Risikonya, Arif tidak bisa menikmati fasilitas publik. Dia yang memiliki pekerjaan distribusi barang khas Kanekes tidak bisa bepergian dengan menggunakan KRL. Karena itu, saat mengantarkan dagangan, dia harus naik kendaraan pribadi. Ongkosnya tentu lebih mahal. ”Kalau mau ke Cakung, saya sewa mobil. Berangkat pagi, lalu pulang malam,” ceritanya.

Ayu, warga lainnya, yang berjualan makanan di Terminal Cibolegar, Luewidamar, Lebak, juga belum pernah mendapatkan vaksin Covid-19. ”Kami minum jamu saja,” ujarnya.

Meski demikian, dia memercayai adanya Covid-19. Namun, dia menambahkan, Covid-19 hanya terjadi di kota besar. Di kampungnya masih aman.

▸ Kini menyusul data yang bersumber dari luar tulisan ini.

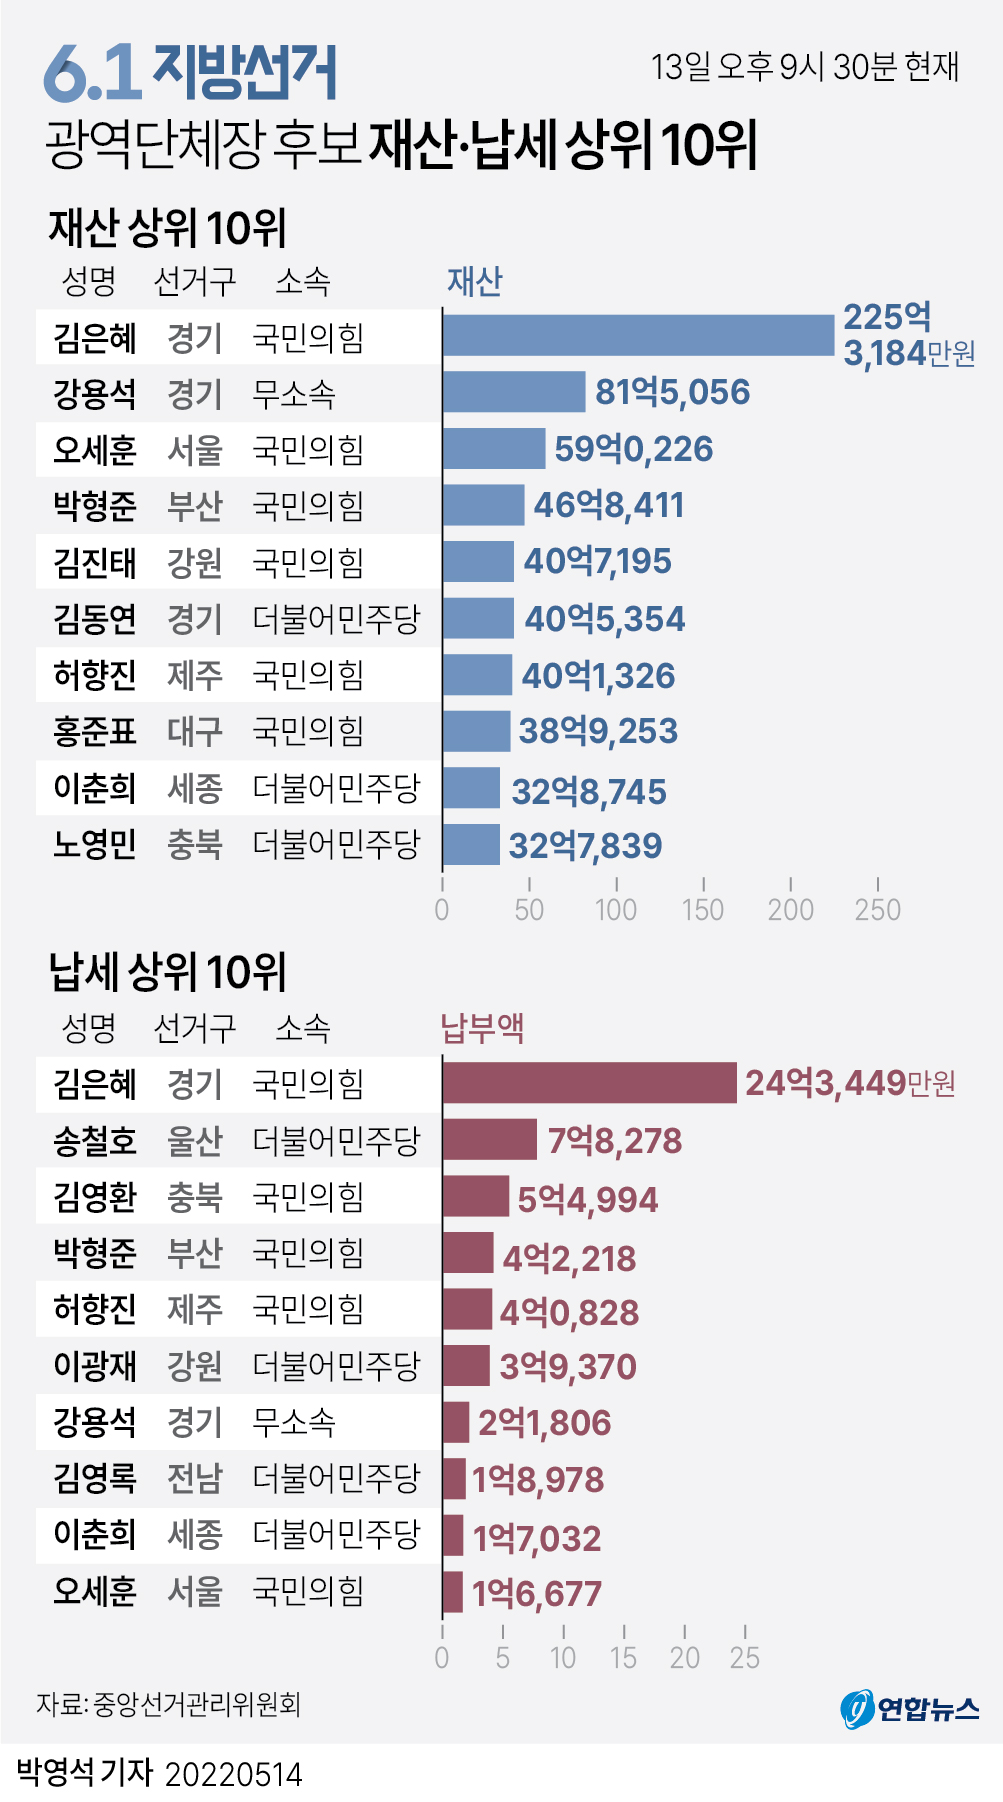 [그래픽] 6.1 지방선거 광역단체장 후보 재산·납세 상위 10위

Selain soal vaksinasi, 3M (memakai masker, mencuci tangan, dan menjaga jarak) juga tidak dilakukan. Saat Jawa Pos tiba, yang terlihat memakai masker hanya pelayan minimarket nirlaba. Juga patung anak-anak di terminal.

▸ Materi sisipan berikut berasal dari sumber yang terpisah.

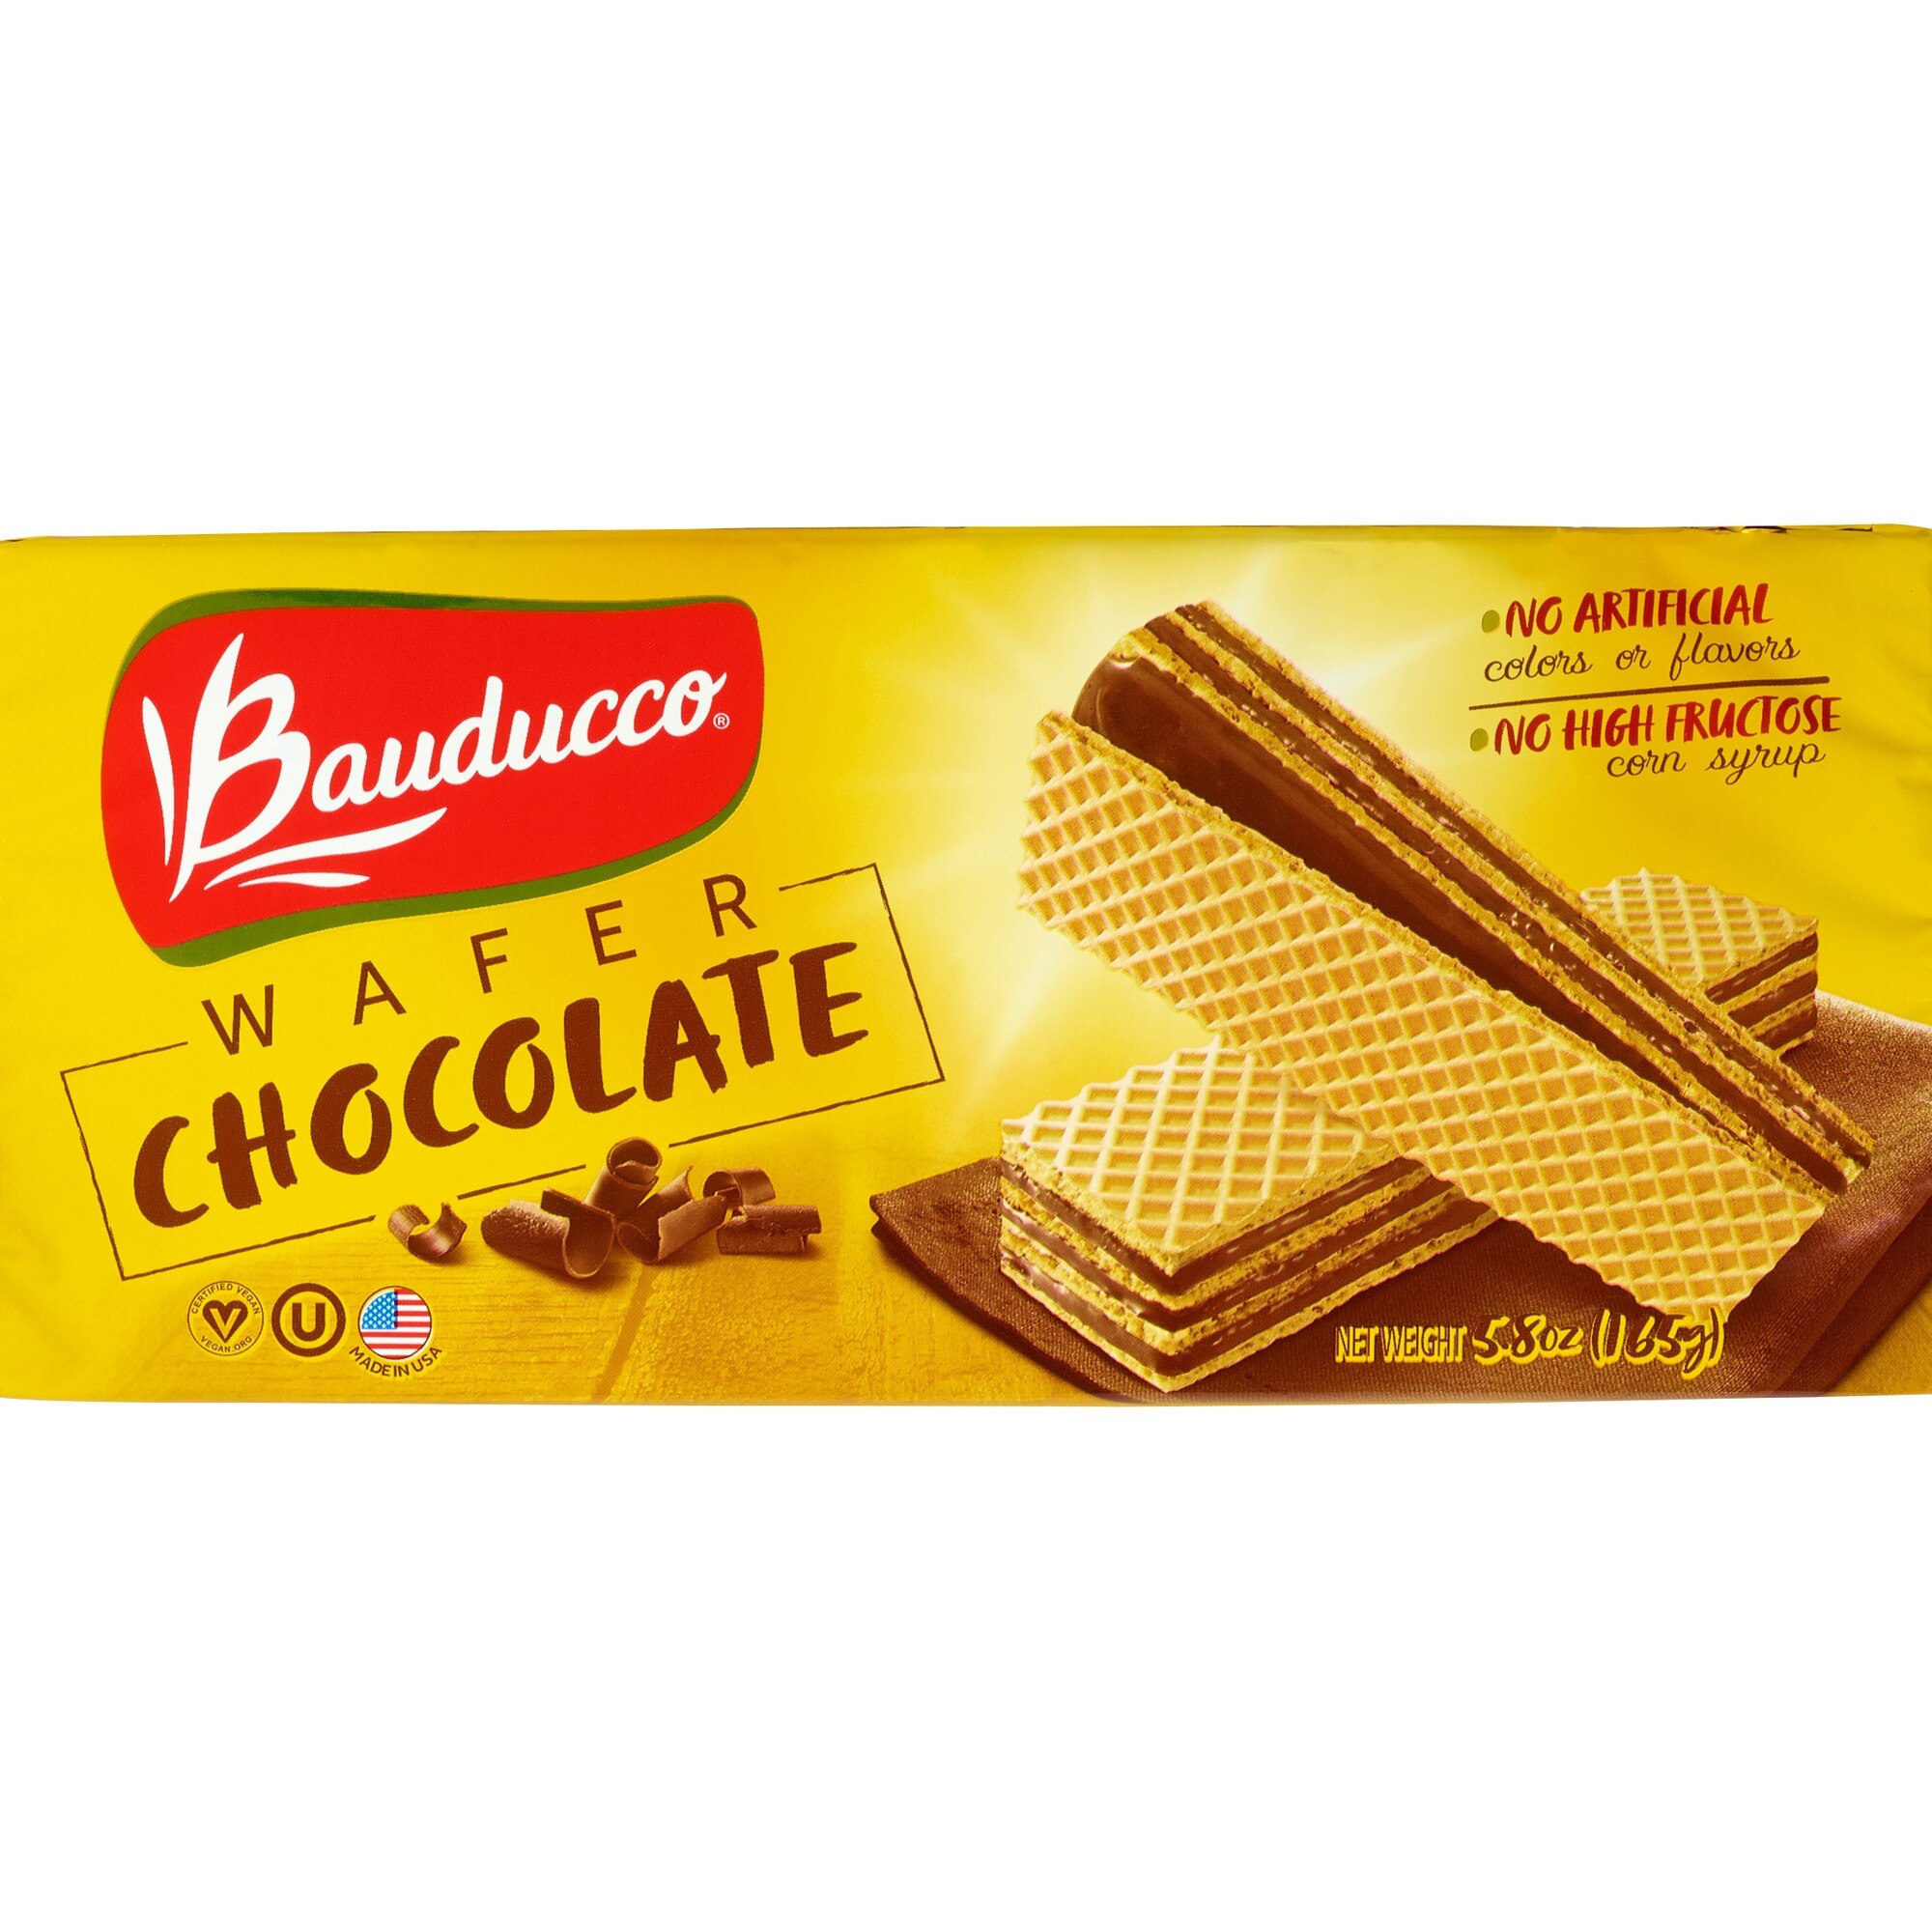 Bauducco Wafer, Chocolate, 5 Oz , CVS

Pengunjung mulai banyak menjelang akhir pekan. Momen seperti itulah yang membuat dokter Maytri khawatir. Karena itu, dia berharap pengunjung yang datang mematuhi protokol kesehatan. ”Tolong bantu kami untuk menyukseskan vaksinasi Covid-19,” katanya. (*/c19/ttg)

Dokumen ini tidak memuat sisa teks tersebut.